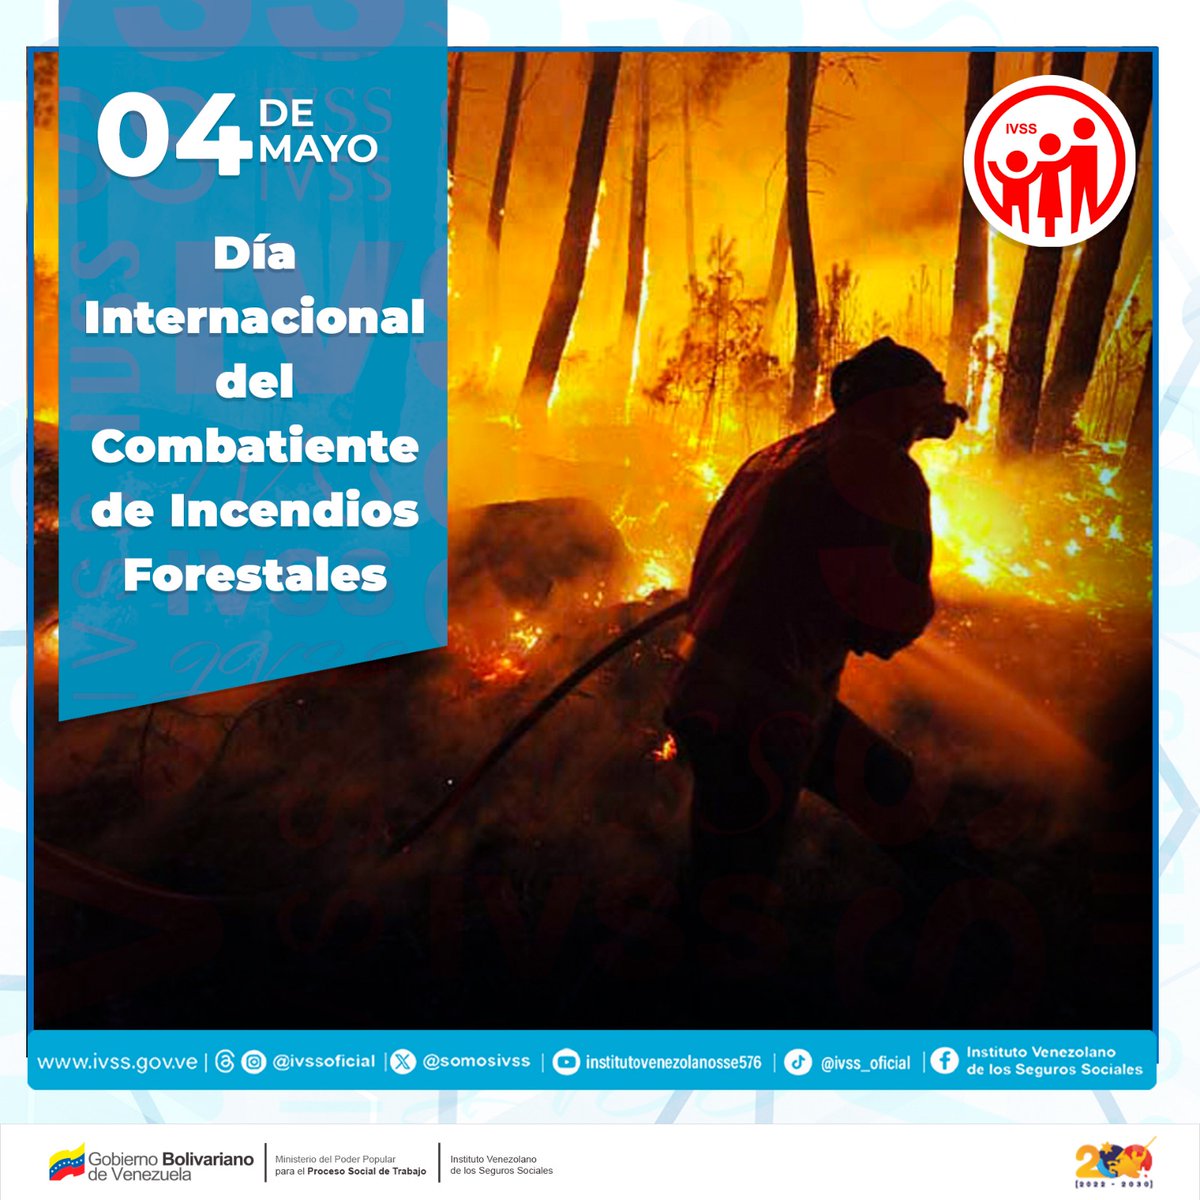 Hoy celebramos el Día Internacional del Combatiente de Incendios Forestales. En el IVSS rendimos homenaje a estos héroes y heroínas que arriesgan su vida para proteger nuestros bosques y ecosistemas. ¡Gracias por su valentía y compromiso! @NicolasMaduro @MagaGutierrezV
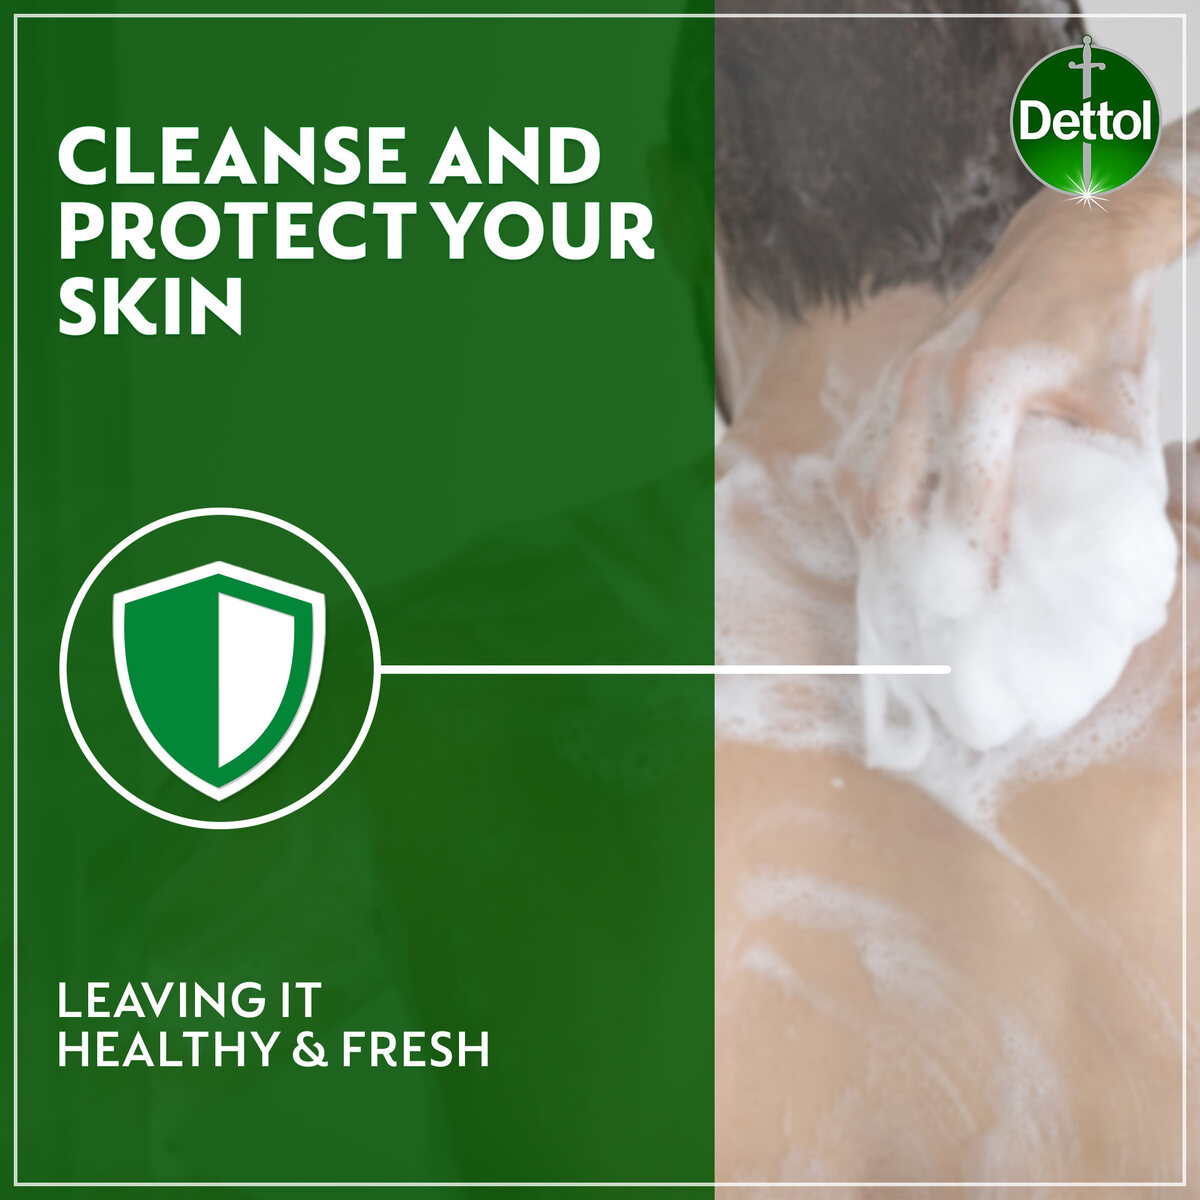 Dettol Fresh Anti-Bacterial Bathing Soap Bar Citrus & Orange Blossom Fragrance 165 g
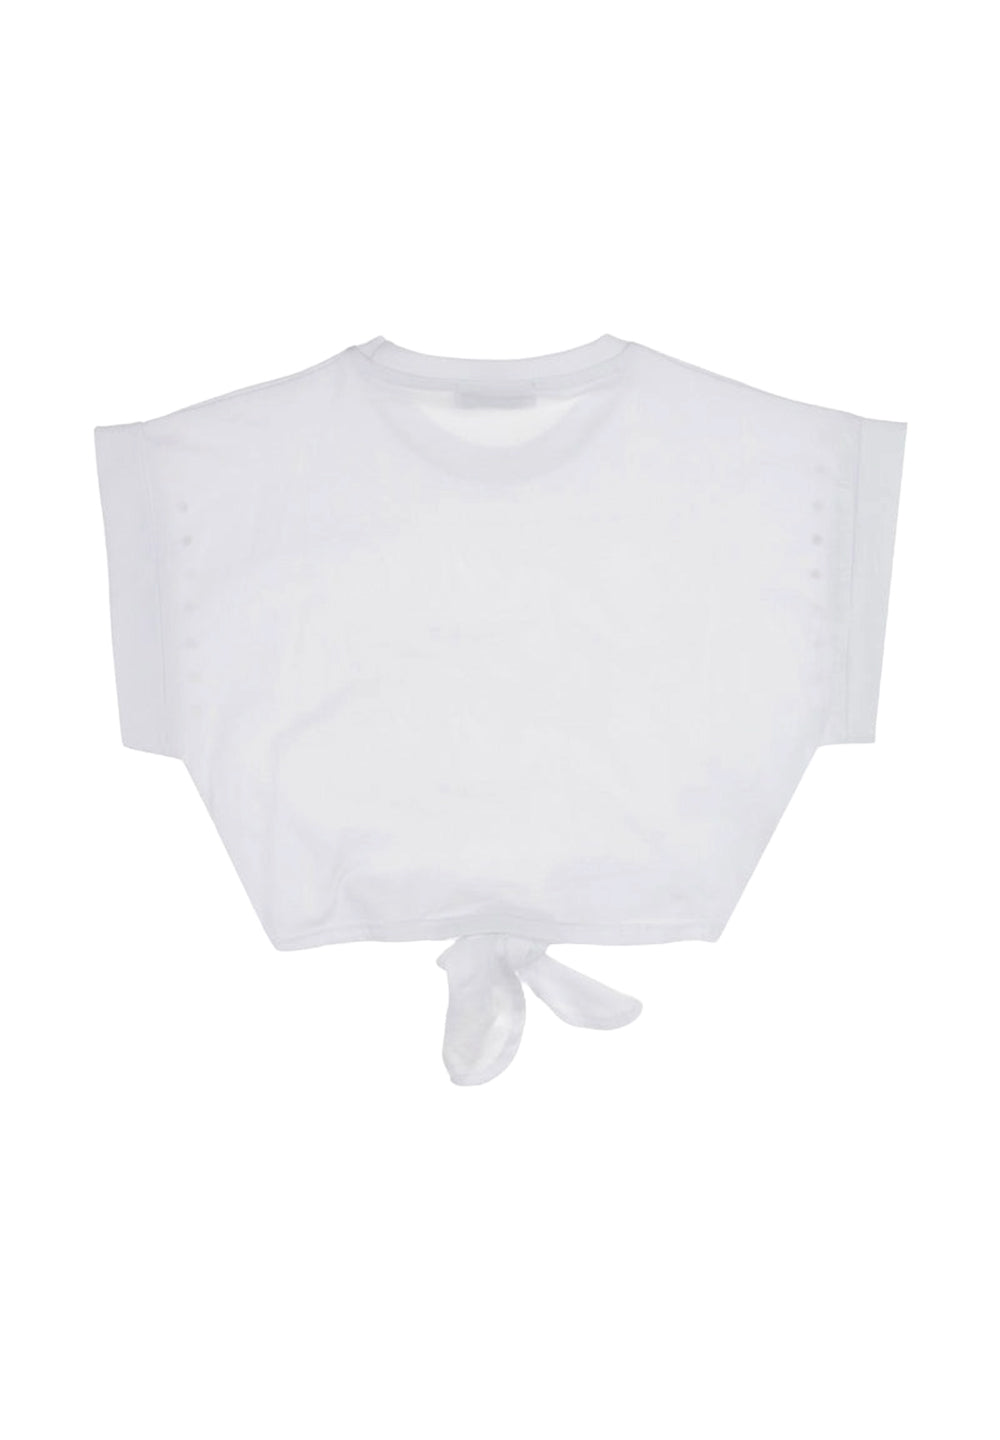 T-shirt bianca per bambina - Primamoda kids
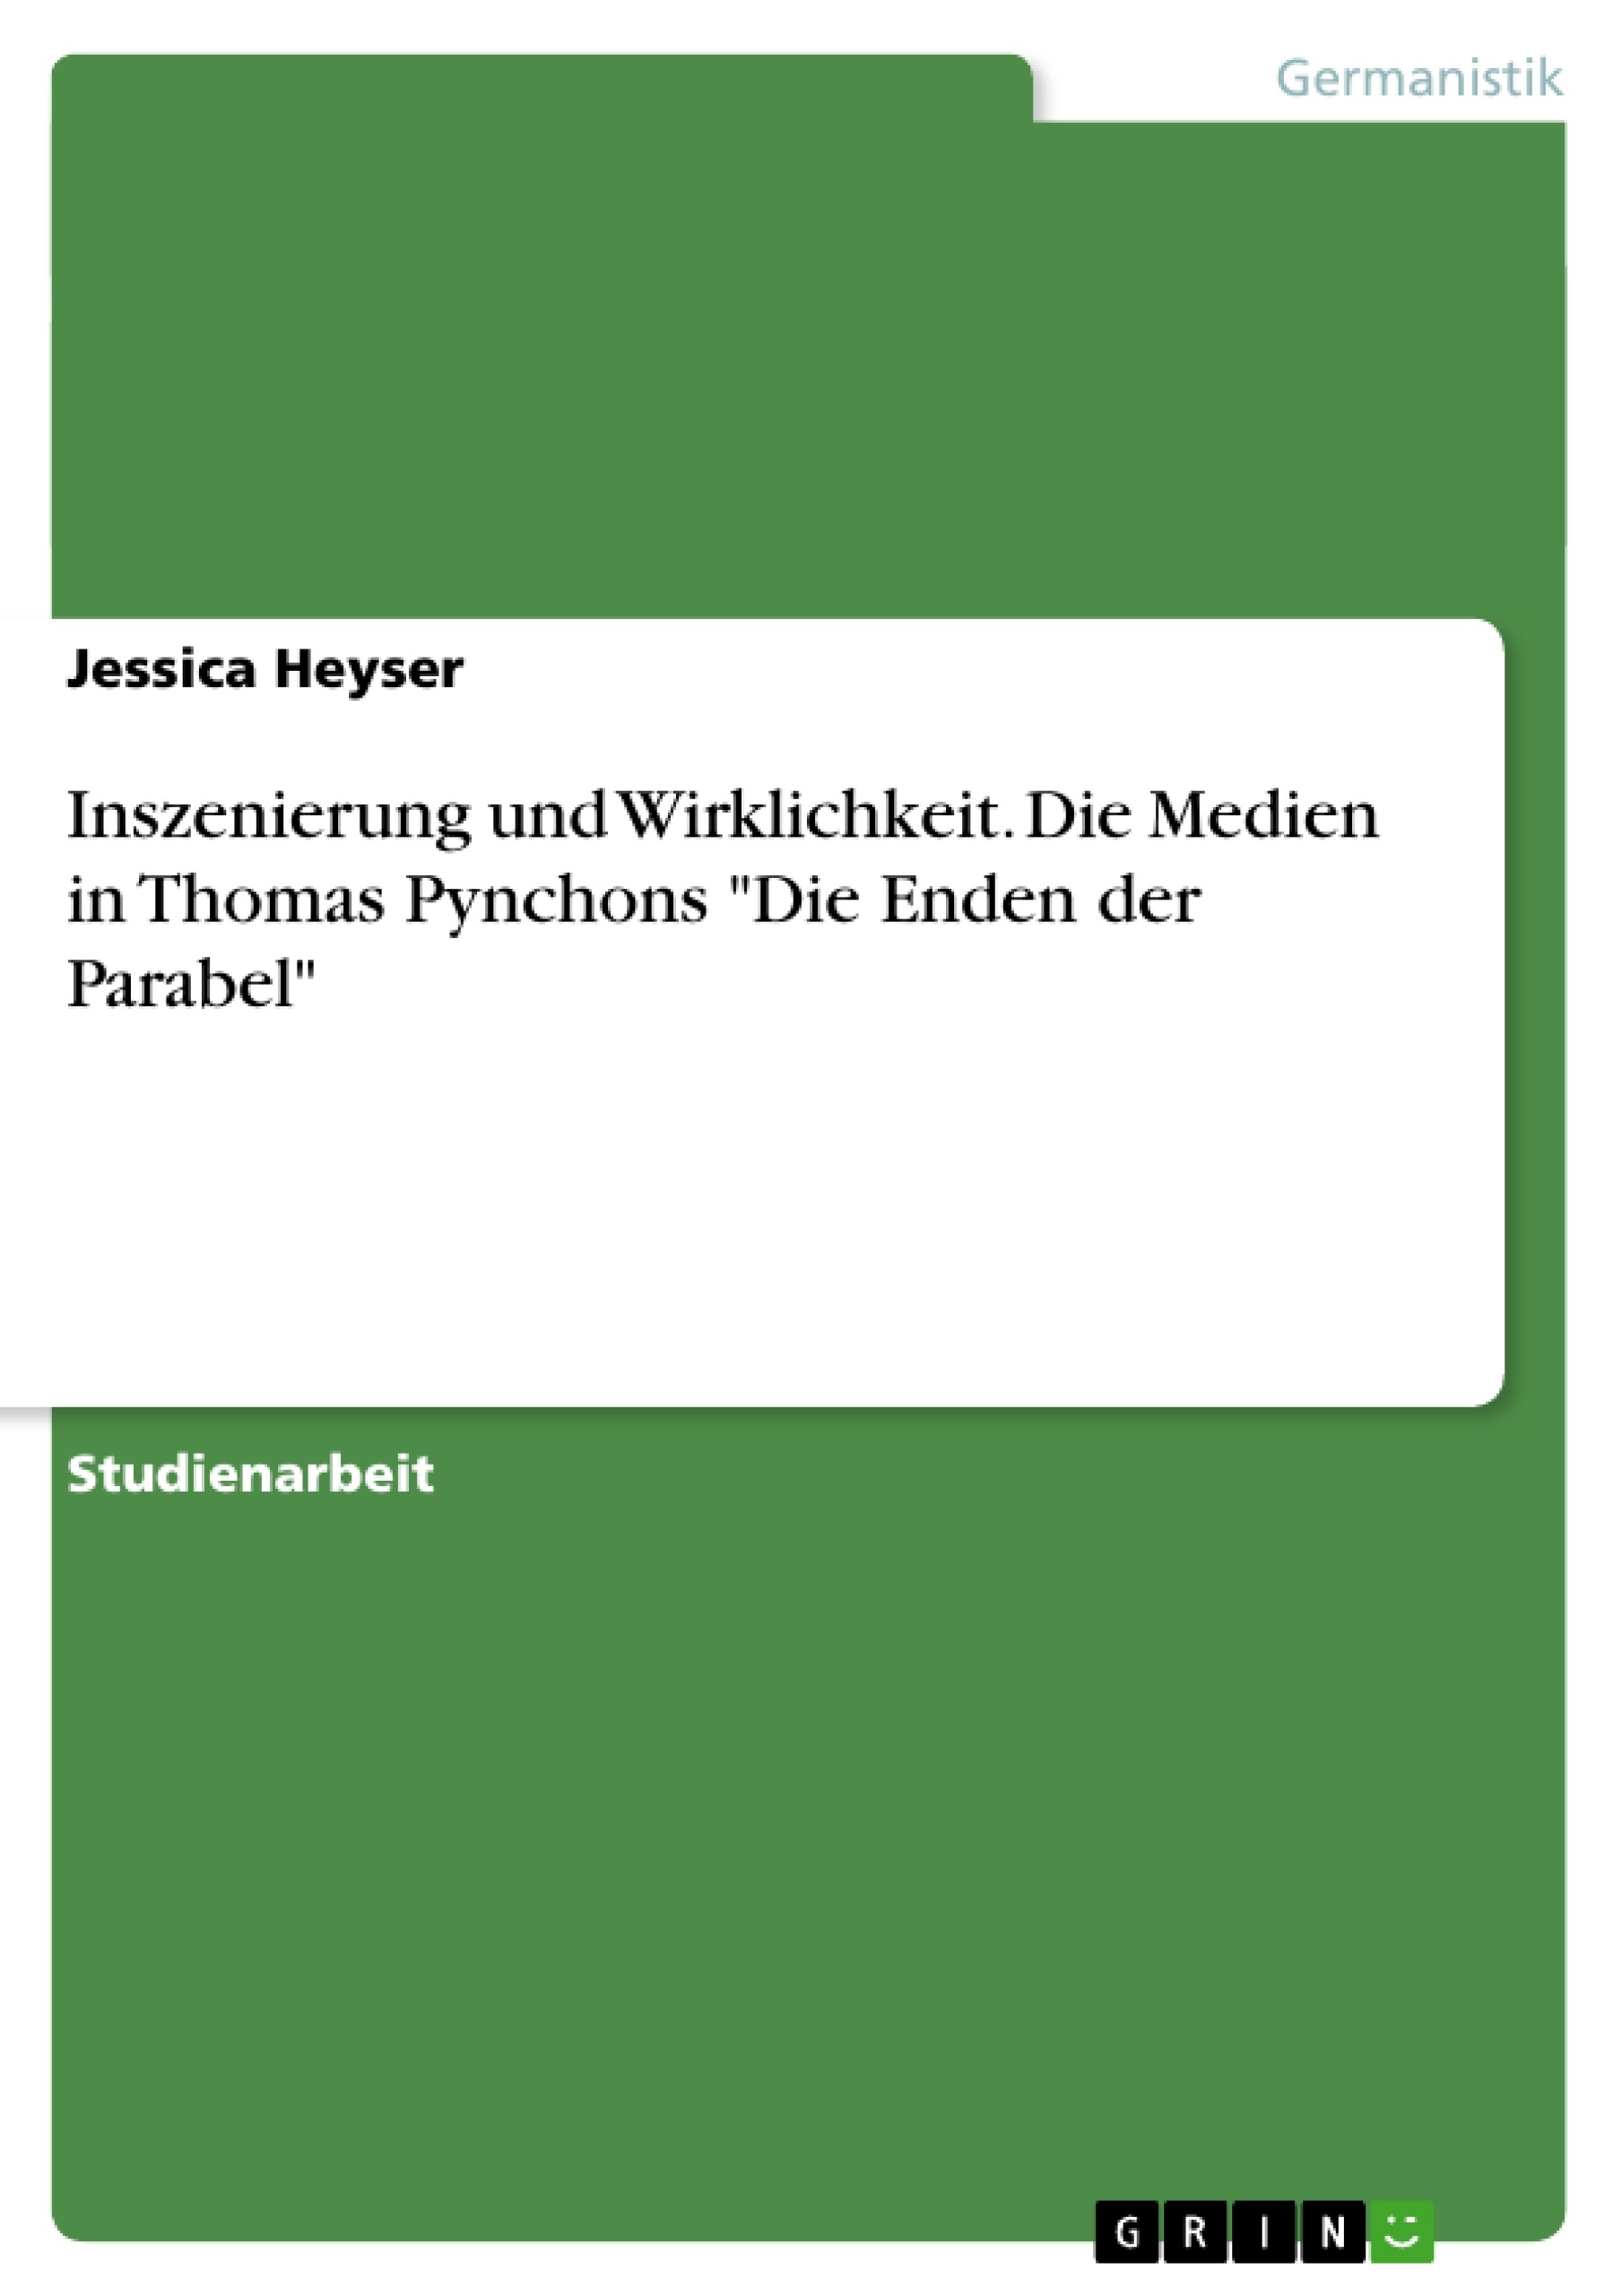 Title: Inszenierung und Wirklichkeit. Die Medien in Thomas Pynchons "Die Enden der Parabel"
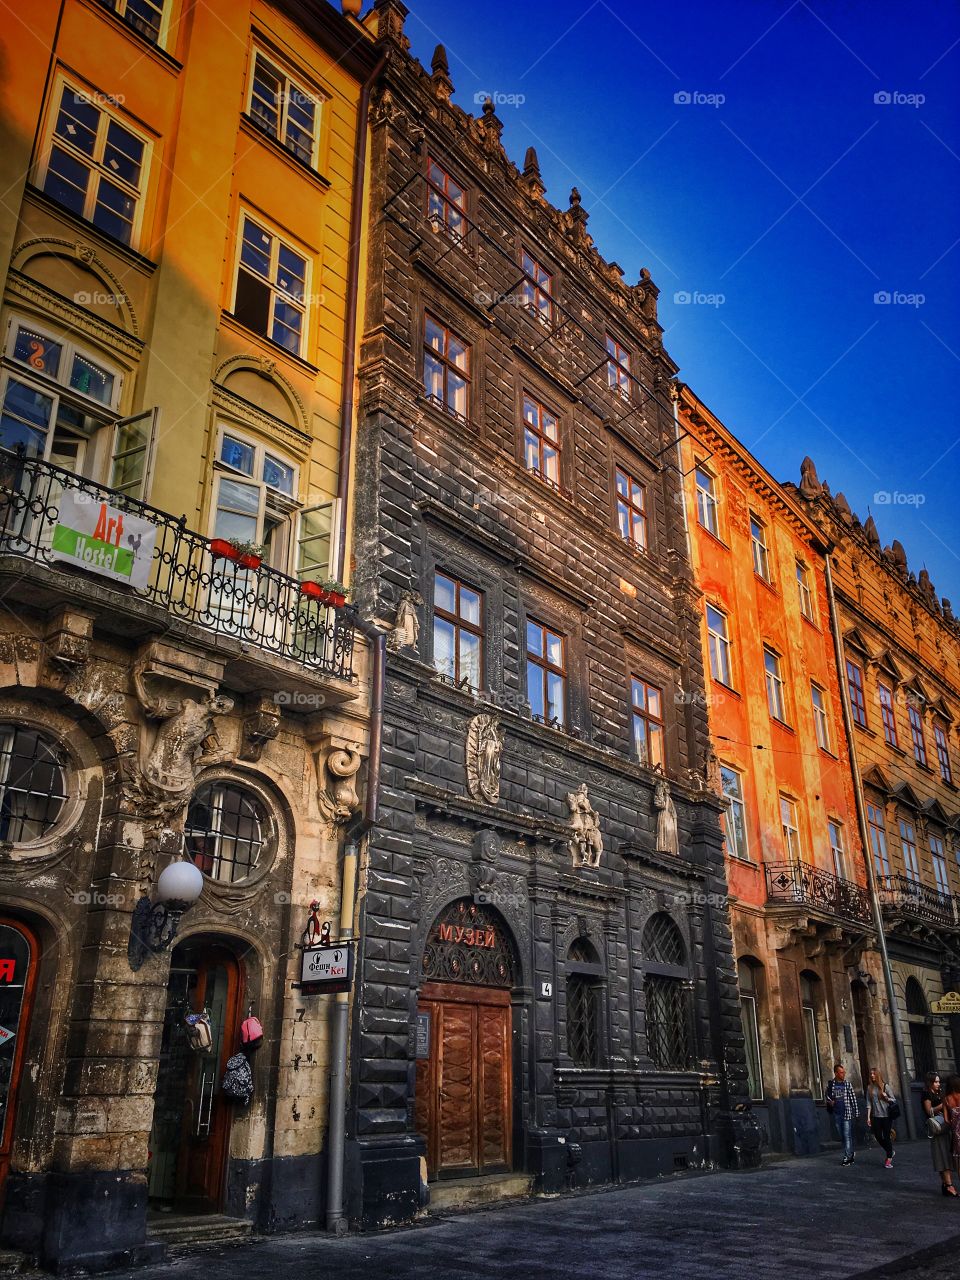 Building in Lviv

════════════════

◆ **AIM OF THE TASK**: Pictures are to be left out; all other data must be returned exactly.

◆ **SOLUTION**:
 Hoy celebramos el Día Internacional del Combatiente de Incendios Forestales. En el IVSS rendimos homenaje a estos héroes y heroínas que arriesgan su vida para proteger nuestros bosques y ecosistemas. ¡Gracias por su valentía y compromiso! @NicolasMaduro @MagaGutierrezV
 Dettol Fresh Anti-Bacterial Bathing Soap Bar Citrus & Orange Blossom Fragrance 165 g
 T-shirt bianca per bambina - Primamoda kids
 Title: Inszenierung und Wirklichkeit. Die Medien in Thomas Pynchons "Die Enden der Parabel"
 Building in Lviv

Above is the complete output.